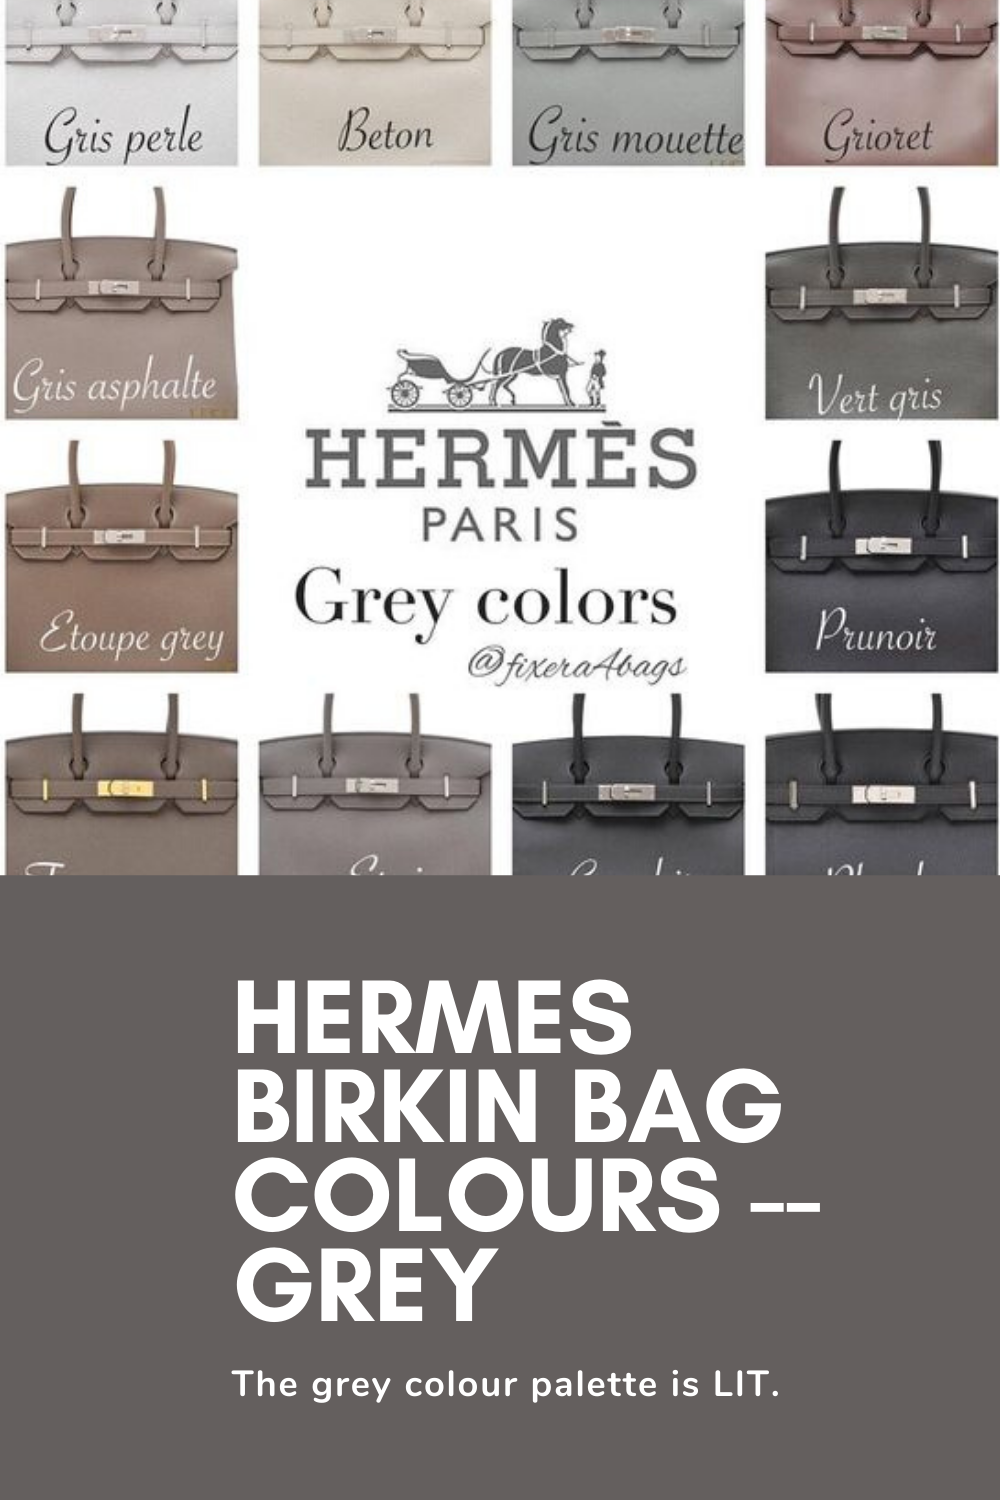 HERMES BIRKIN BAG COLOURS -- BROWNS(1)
* * *
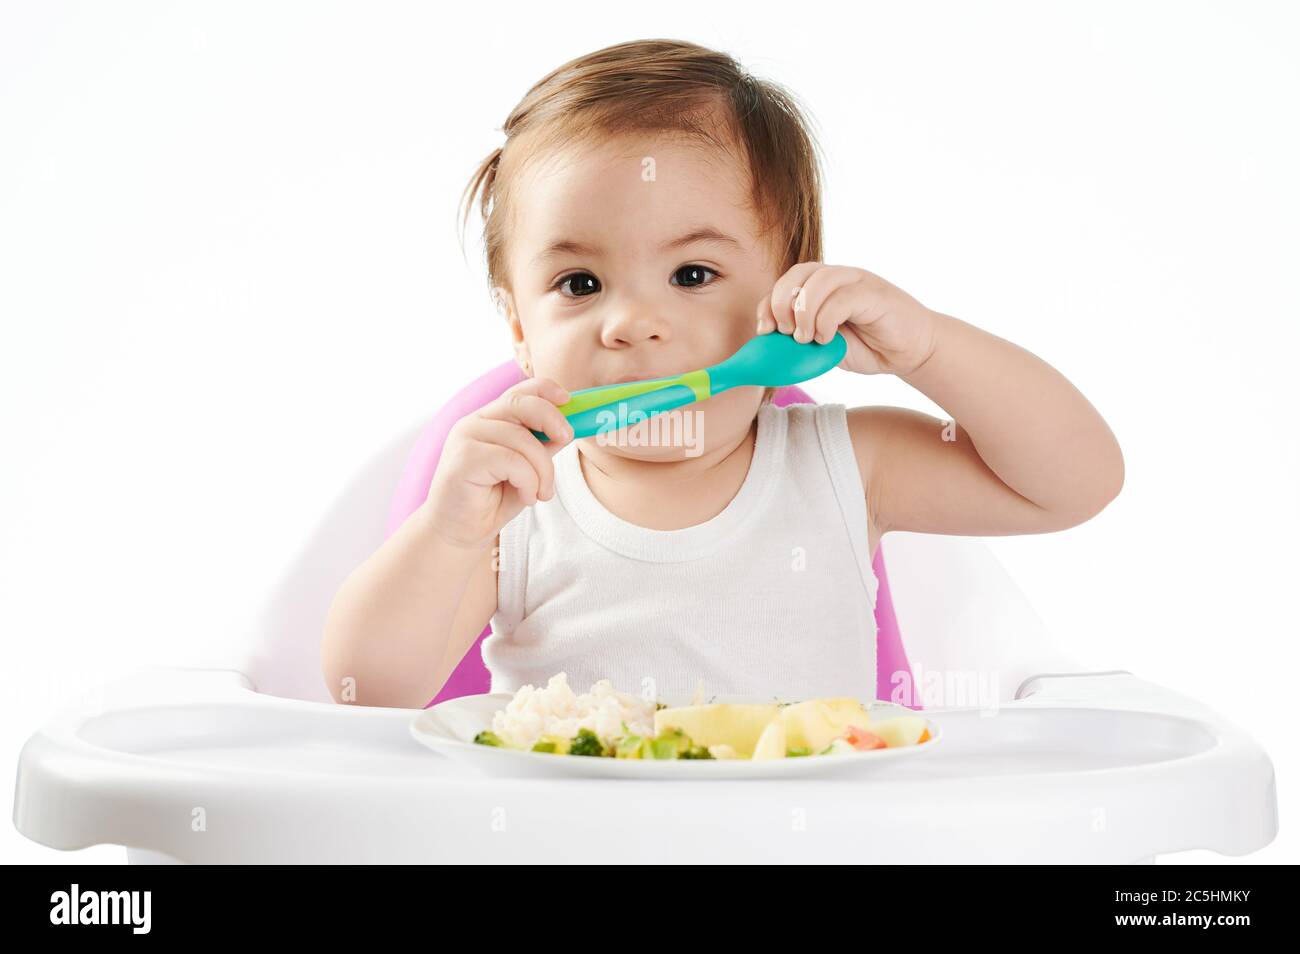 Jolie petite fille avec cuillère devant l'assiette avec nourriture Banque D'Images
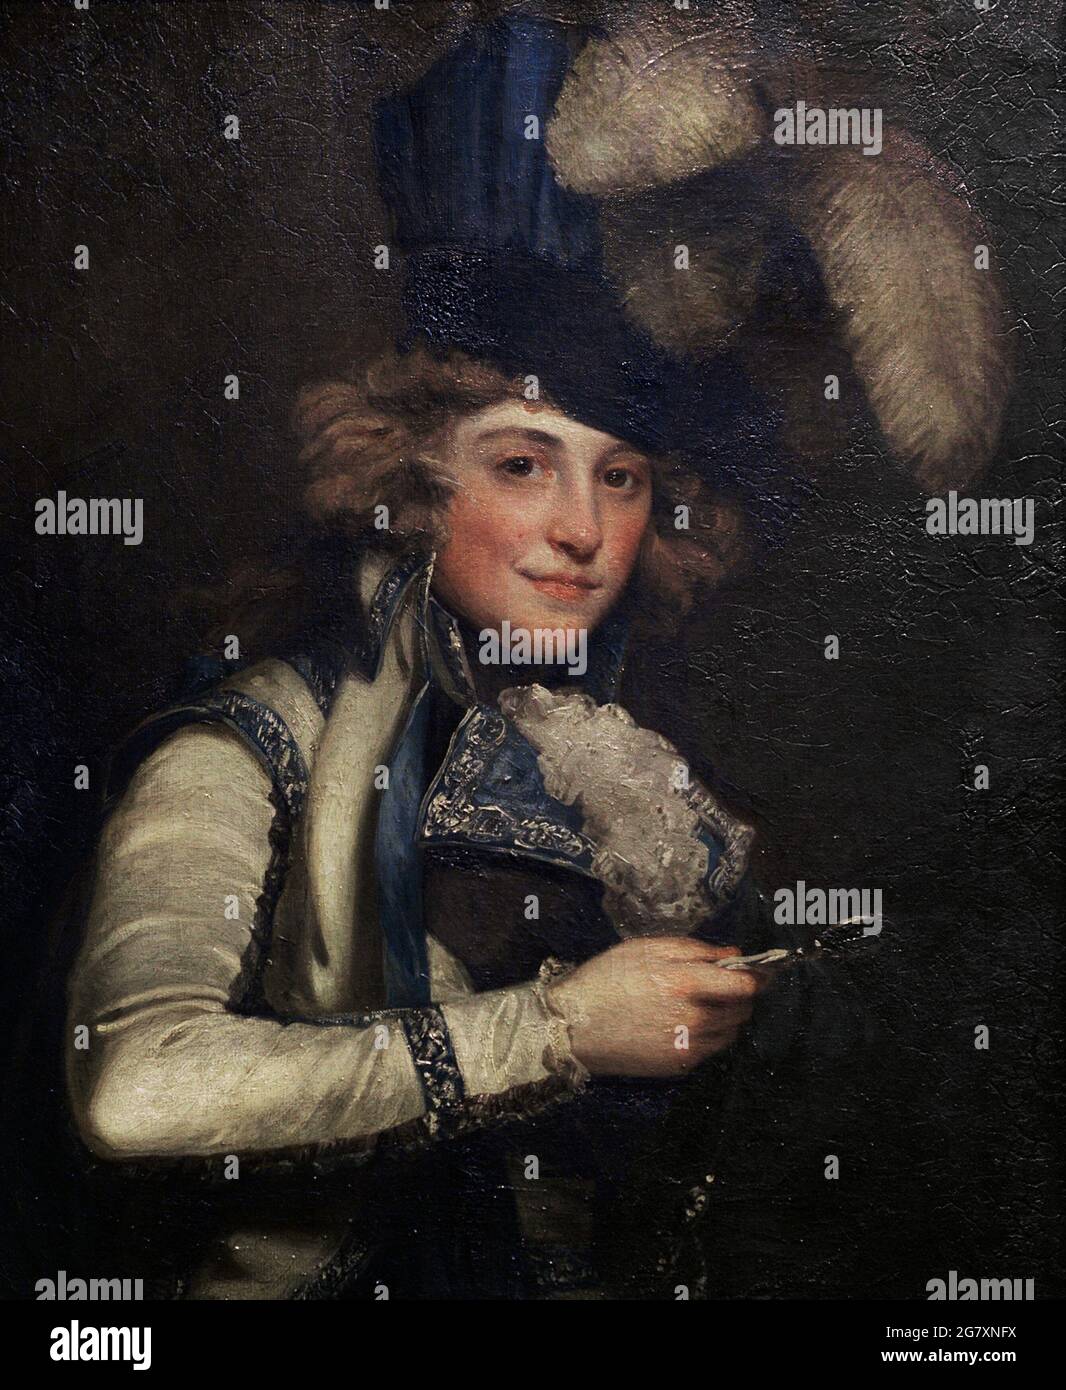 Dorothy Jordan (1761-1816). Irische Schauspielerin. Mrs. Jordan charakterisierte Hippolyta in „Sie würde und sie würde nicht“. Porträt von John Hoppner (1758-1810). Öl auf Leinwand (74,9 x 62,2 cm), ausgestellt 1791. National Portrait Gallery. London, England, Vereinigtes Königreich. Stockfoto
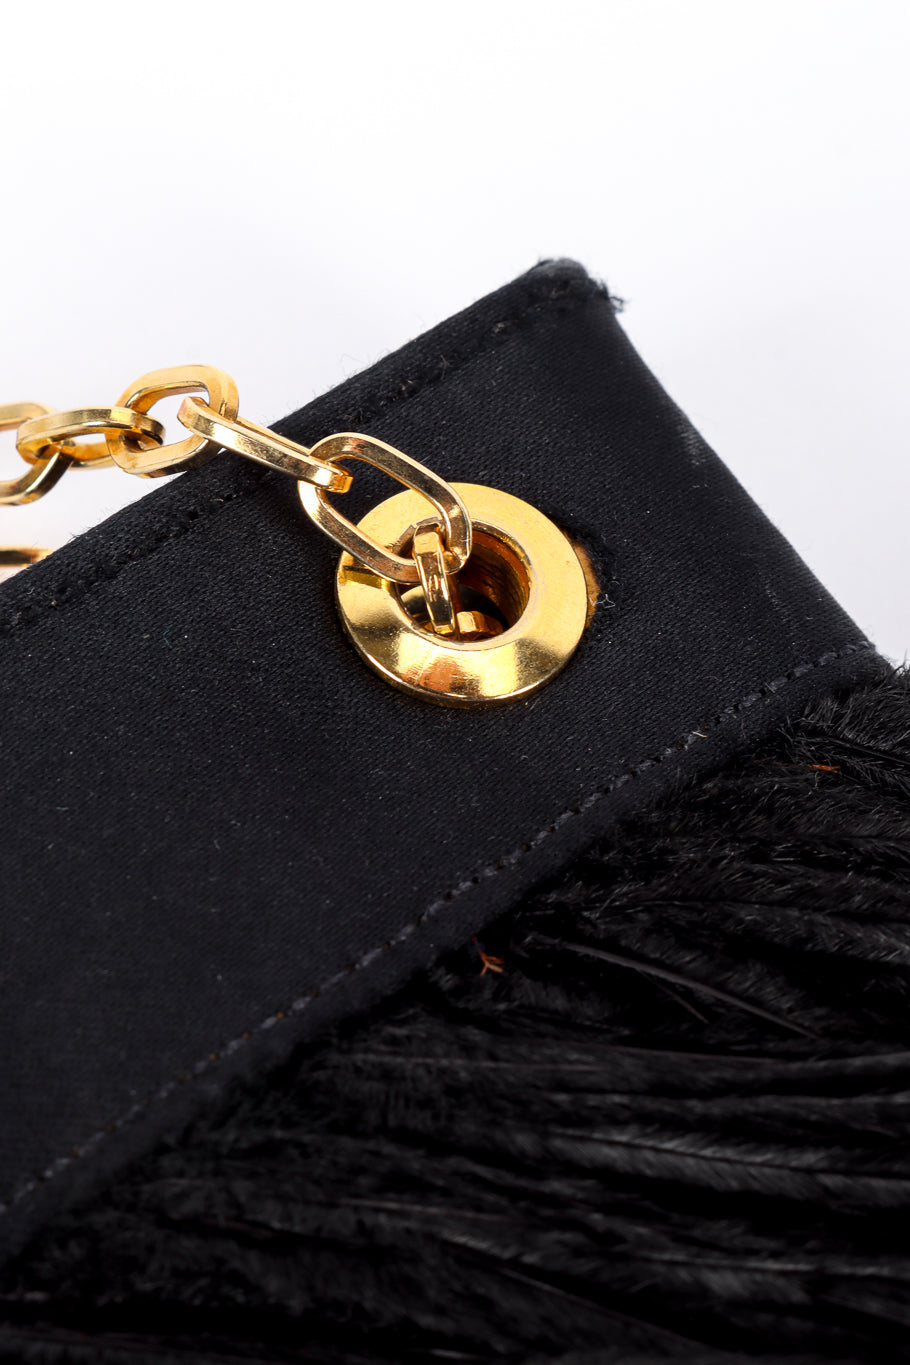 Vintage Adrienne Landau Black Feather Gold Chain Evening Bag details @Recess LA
--
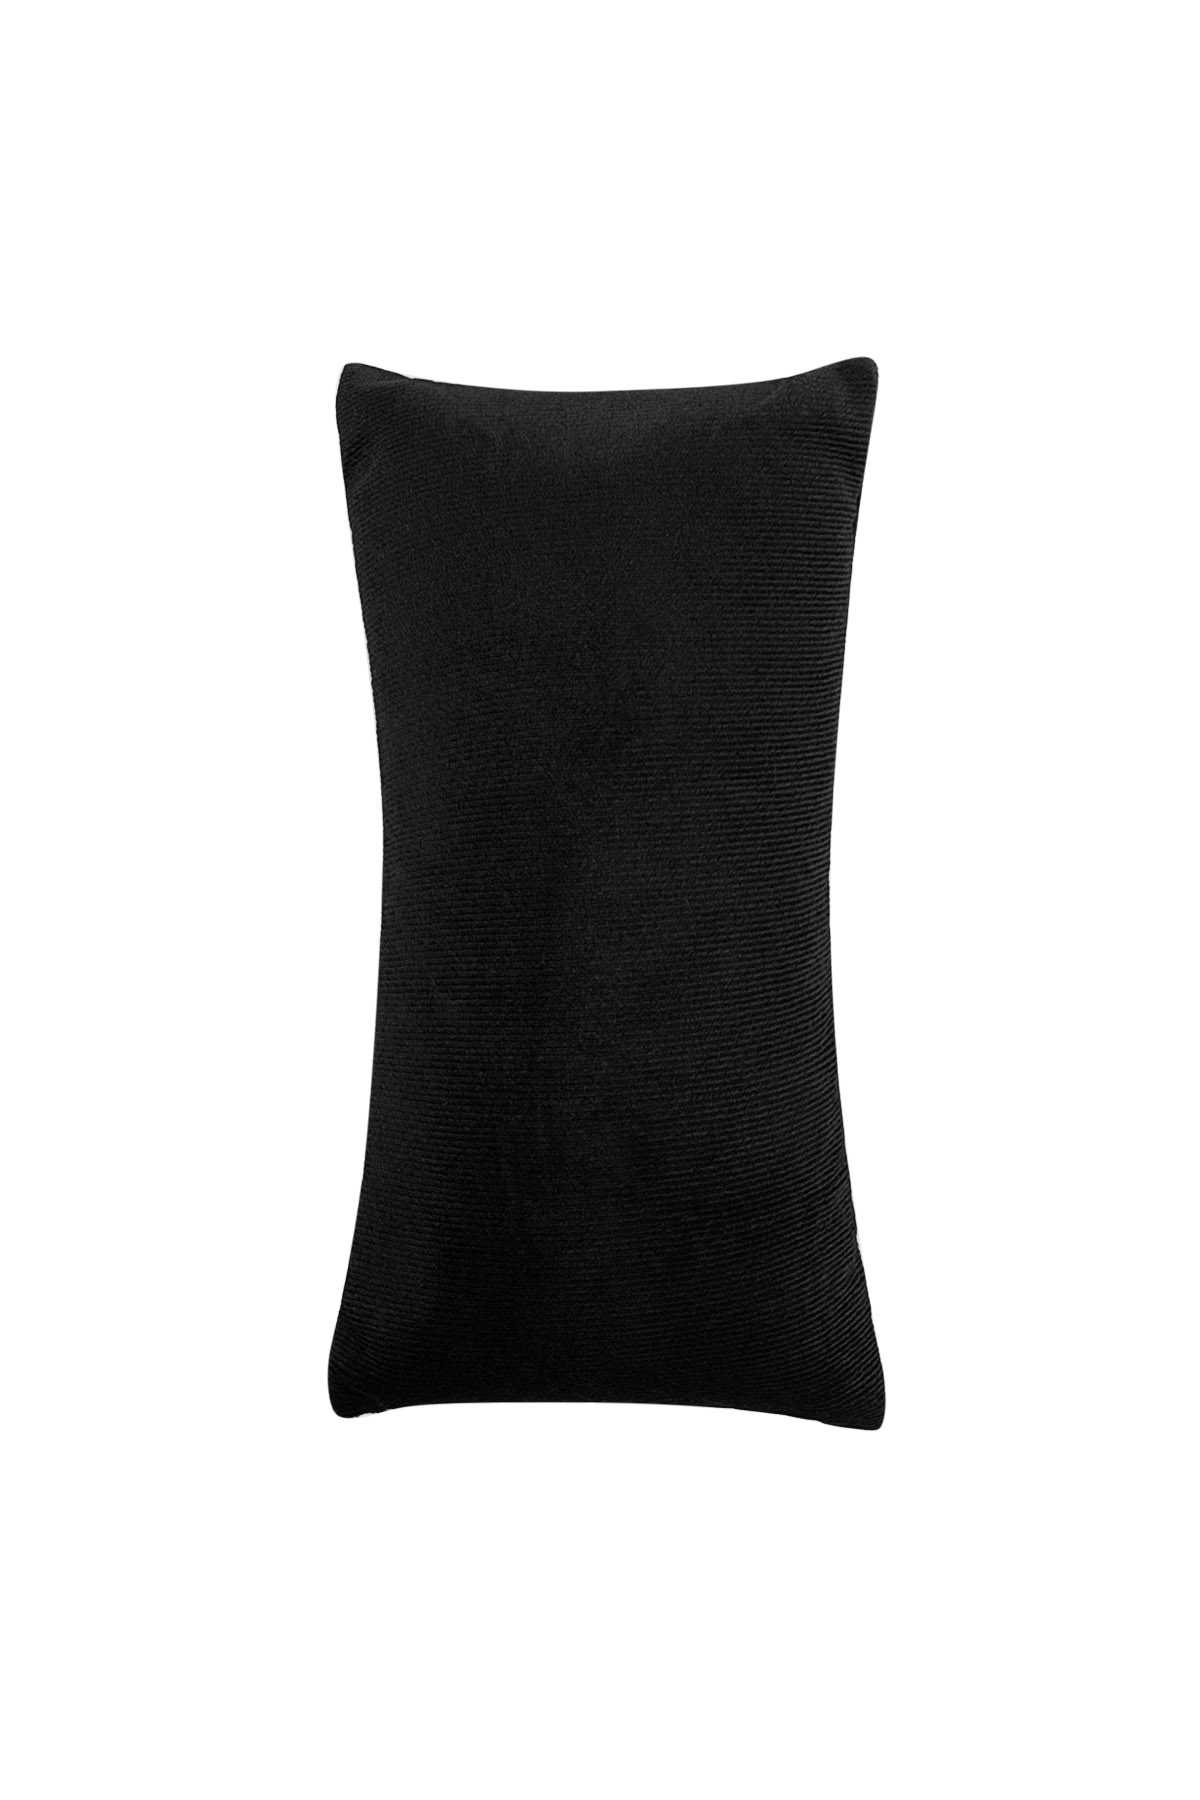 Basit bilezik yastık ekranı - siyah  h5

TASK ITEM -
Treat the line with "Dorothy Jordan (1761-1816)." as the start and the line with "Vintage Adrienne Landau" as the end, and return exactly that span of the data above, both ends included, without pictures.

OUTPUT OF THE TASK -
 Dorothy Jordan (1761-1816). Irische Schauspielerin. Mrs. Jordan charakterisierte Hippolyta in „Sie würde und sie würde nicht“. Porträt von John Hoppner (1758-1810). Öl auf Leinwand (74,9 x 62,2 cm), ausgestellt 1791. National Portrait Gallery. London, England, Vereinigtes Königreich. Stockfoto
 Vintage Adrienne Landau Black Feather Gold Chain Evening Bag details @Recess LA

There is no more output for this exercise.